Exercise instructions: Here is a listing. Write it all out again exactly, but not its pictures.
───── Provided material ─────
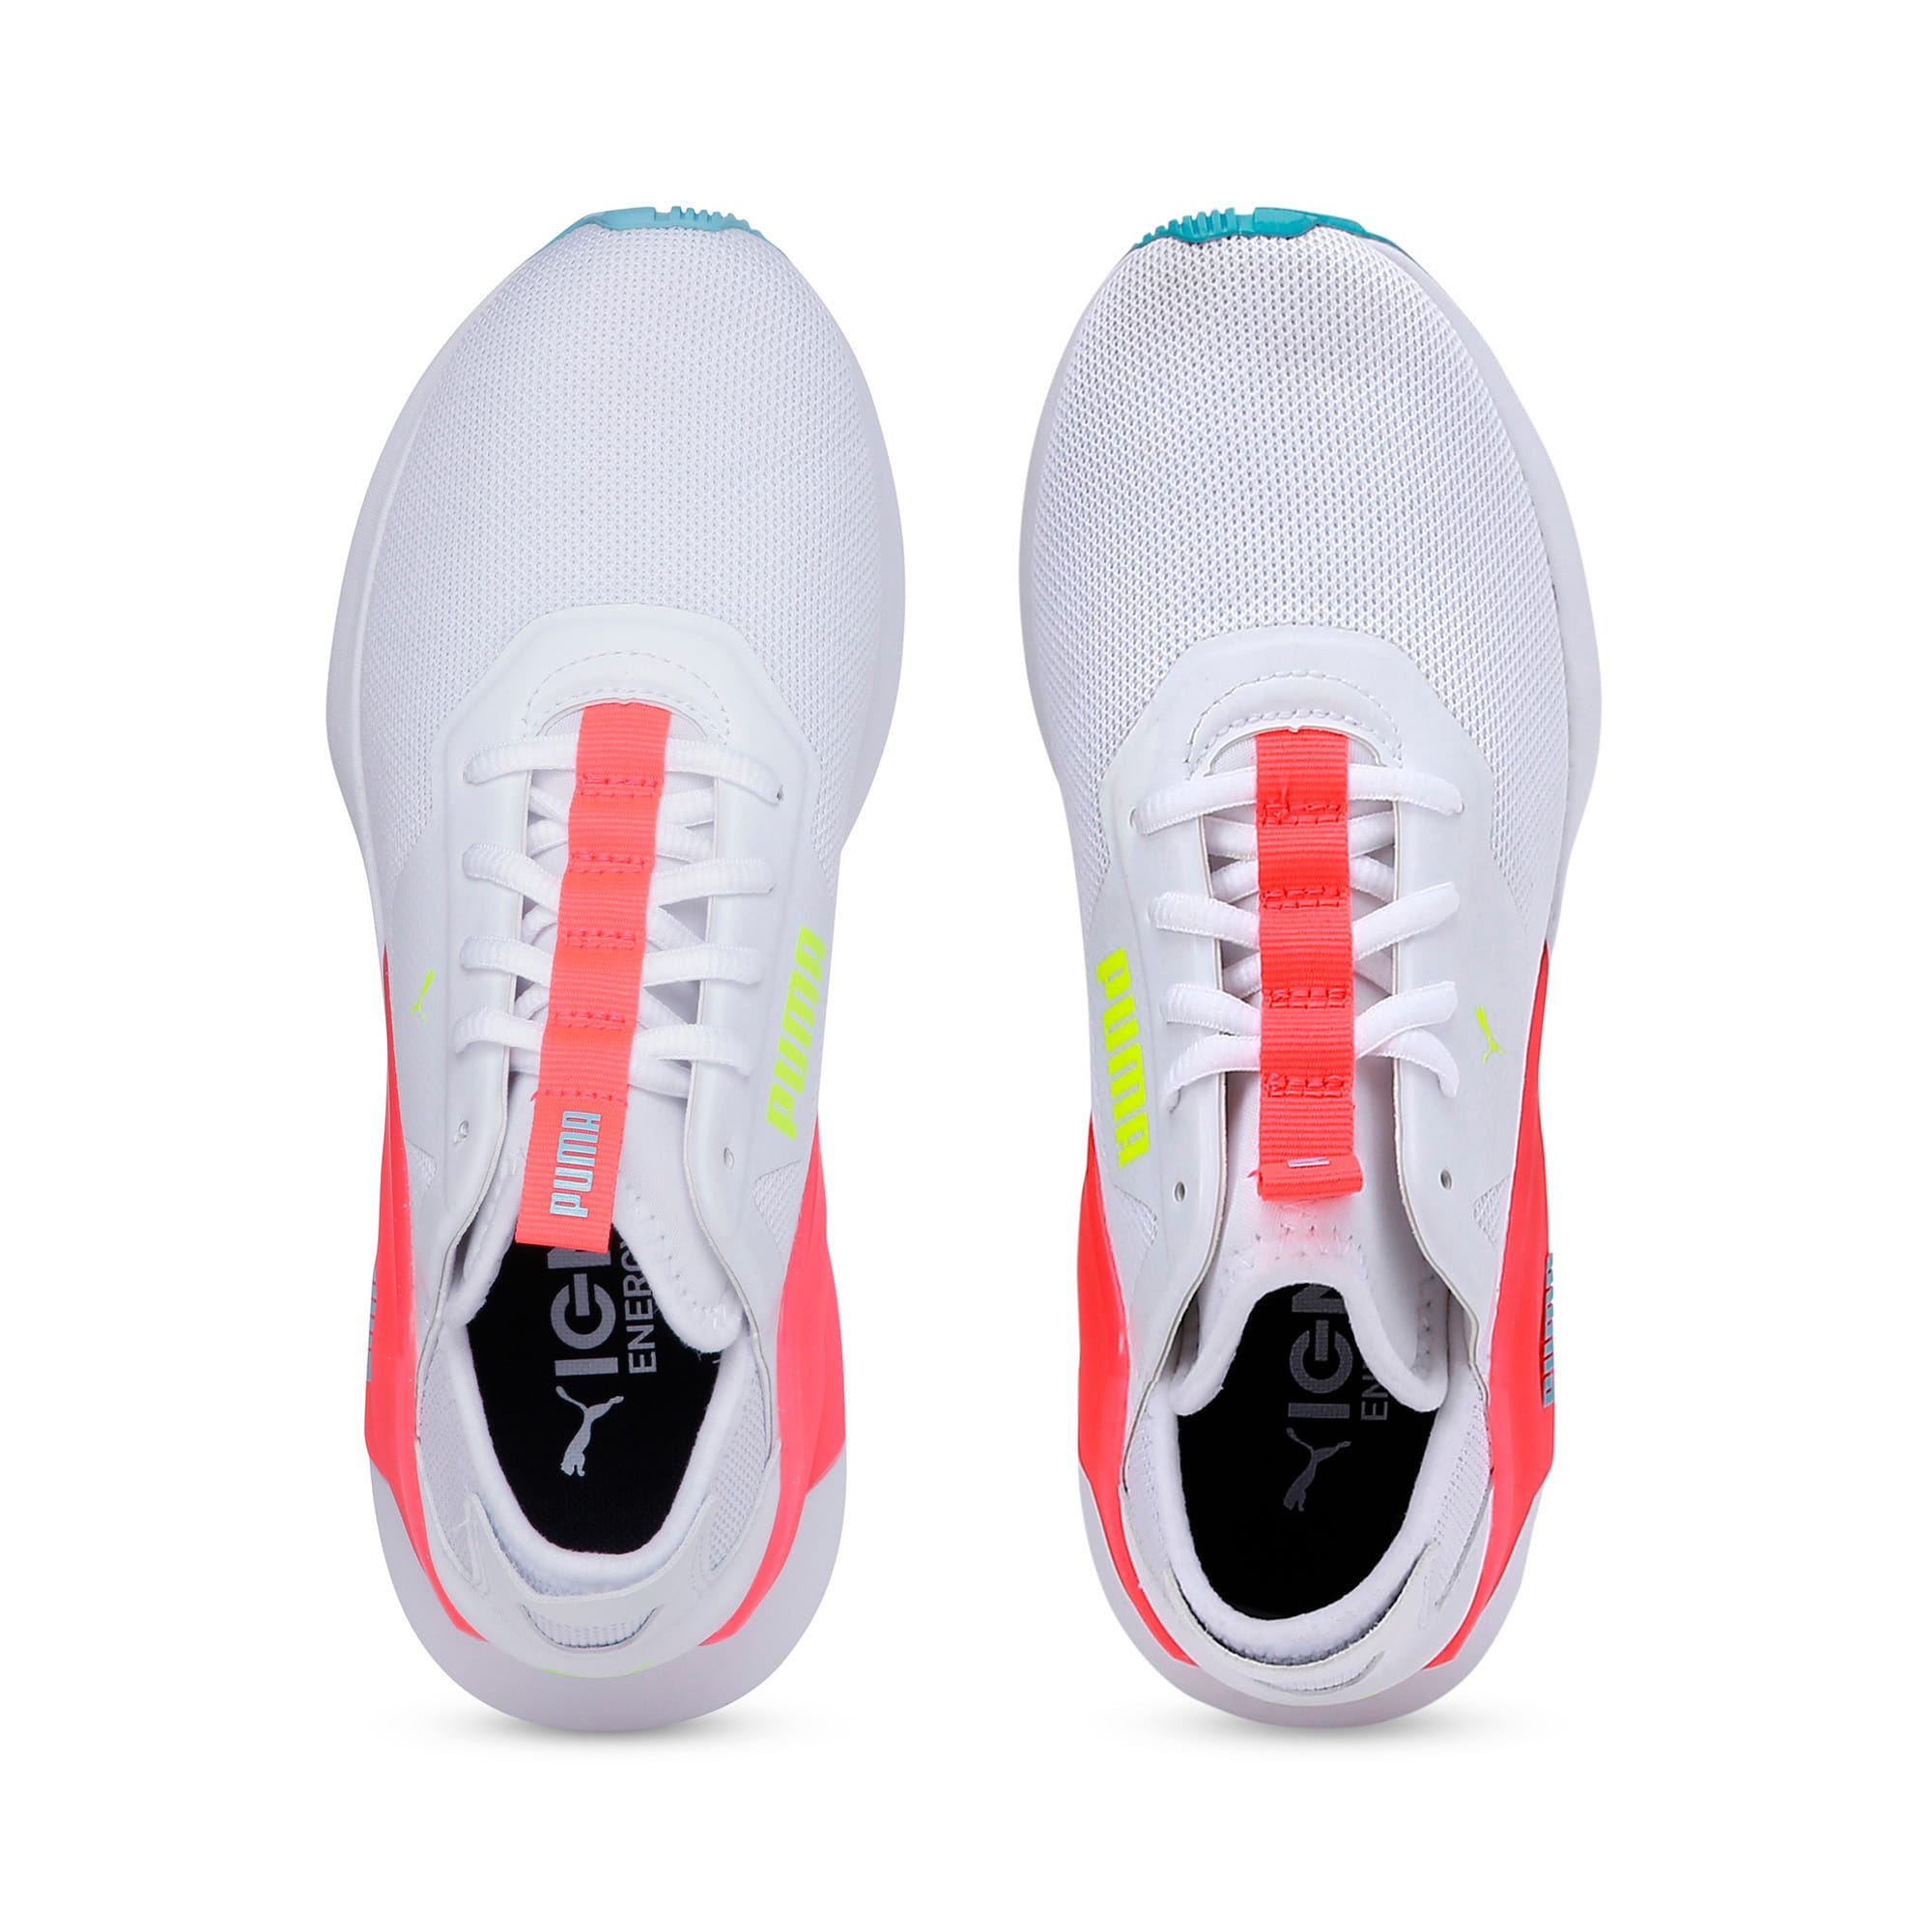 Thumbnail 8 of Rogue X Knit Women's Running Shoes, Puma White-Pink Alert, medium-IND
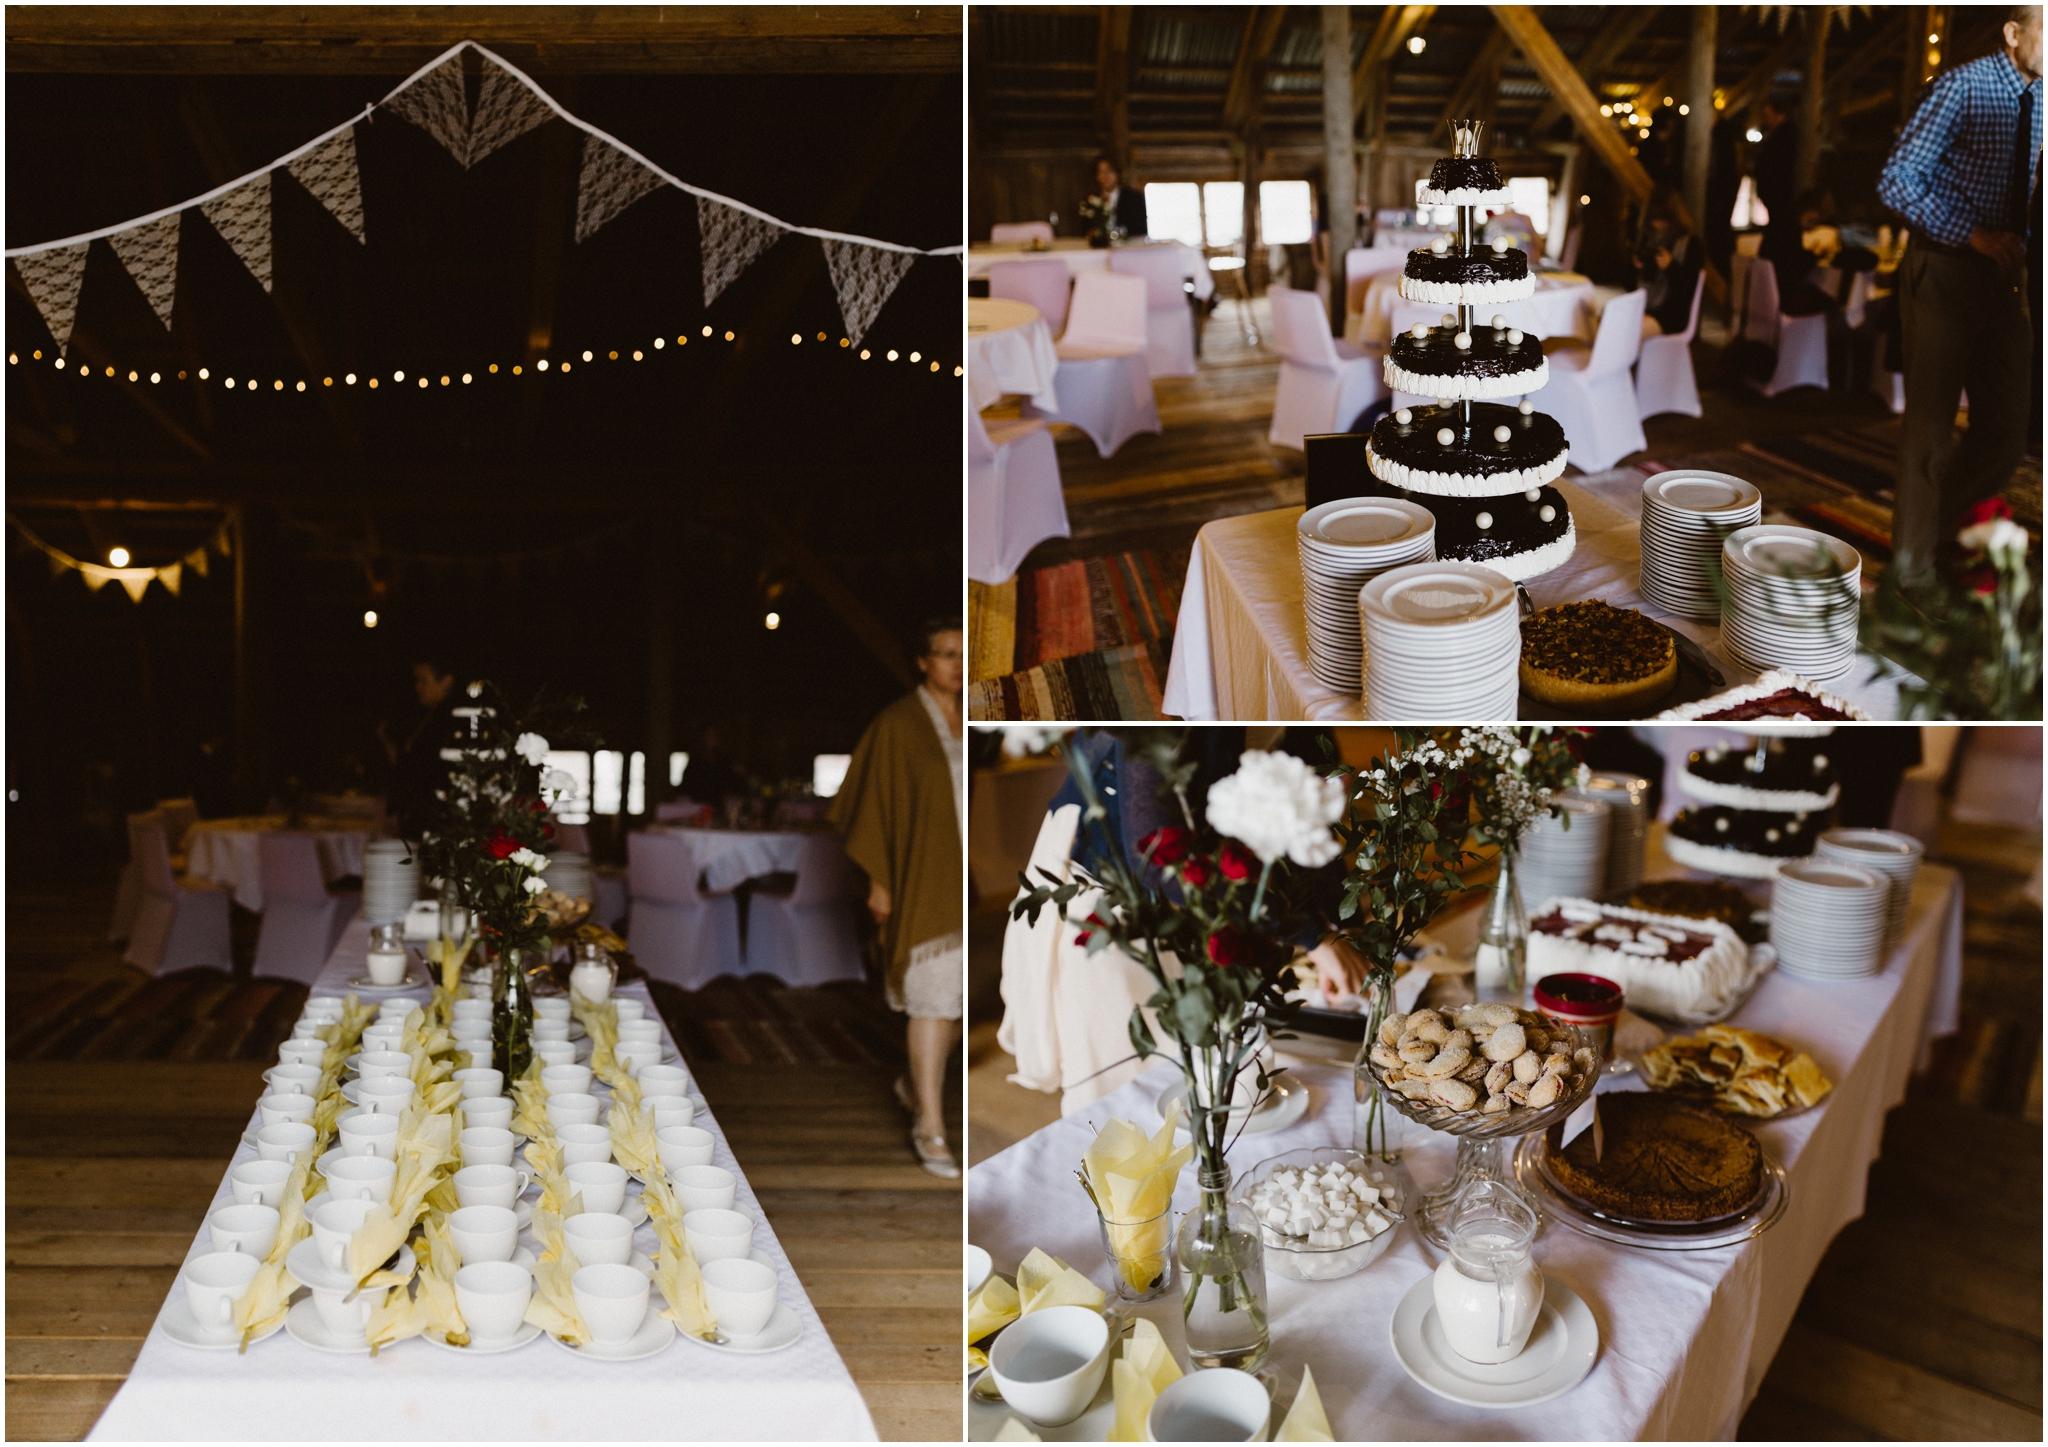 Leevi + Susanna -- Patrick Karkkolainen Wedding Photographer + Adventurer-190.jpg
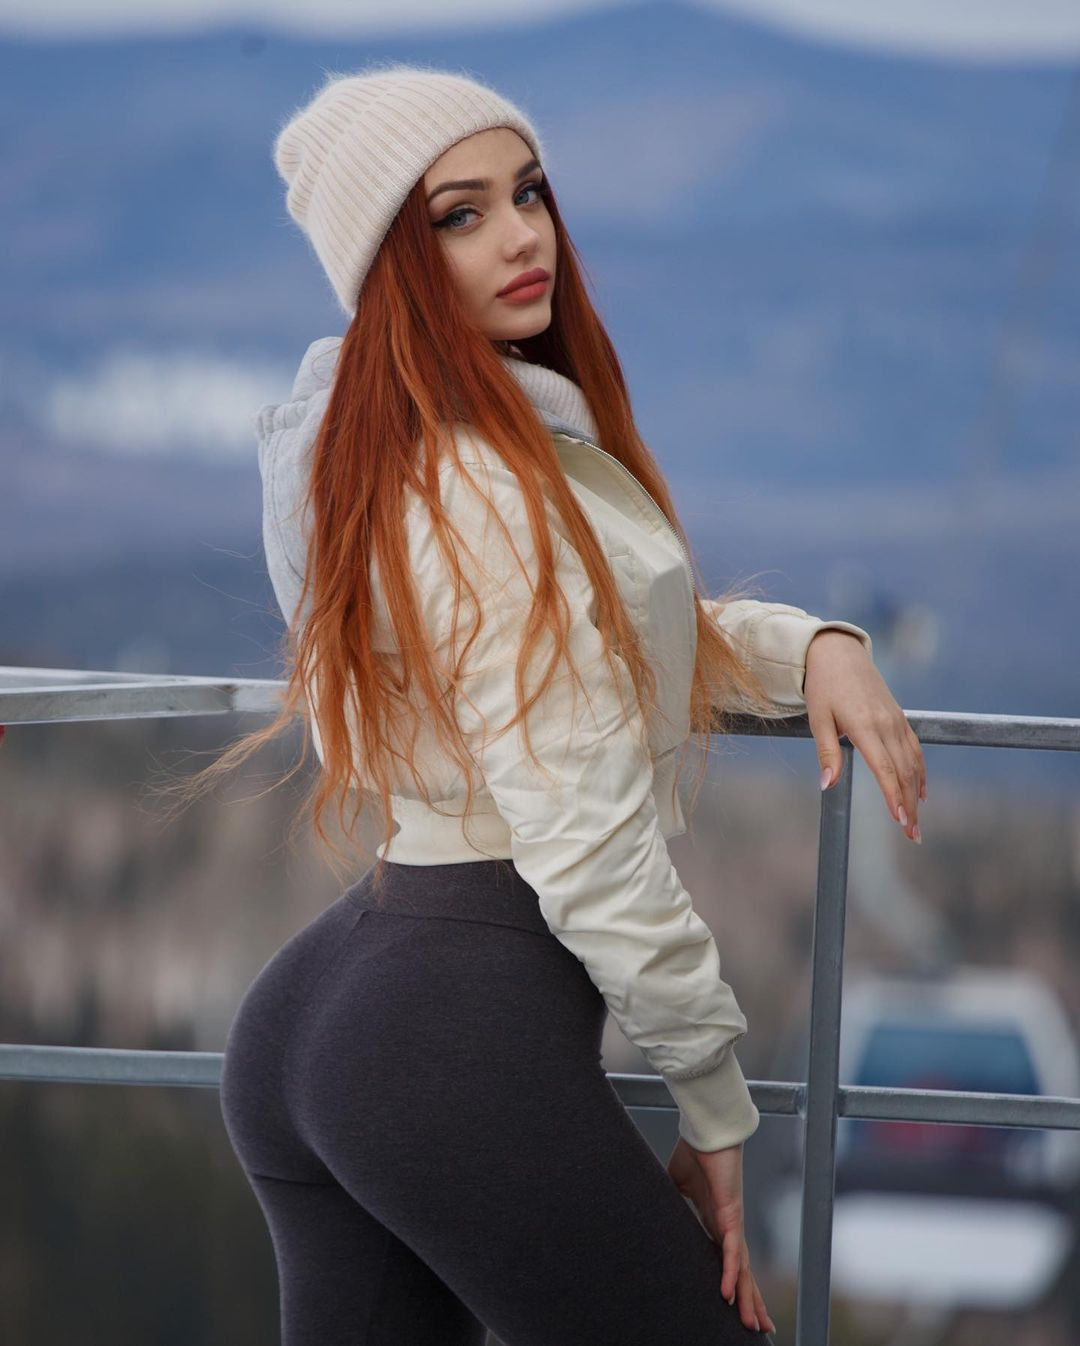 Russian Stylish Model DP
─────
Exercise output:
 Thumbnail 8 of Rogue X Knit Women's Running Shoes, Puma White-Pink Alert, medium-IND
 Leevi + Susanna -- Patrick Karkkolainen Wedding Photographer + Adventurer-190.jpg
 Russian Stylish Model DP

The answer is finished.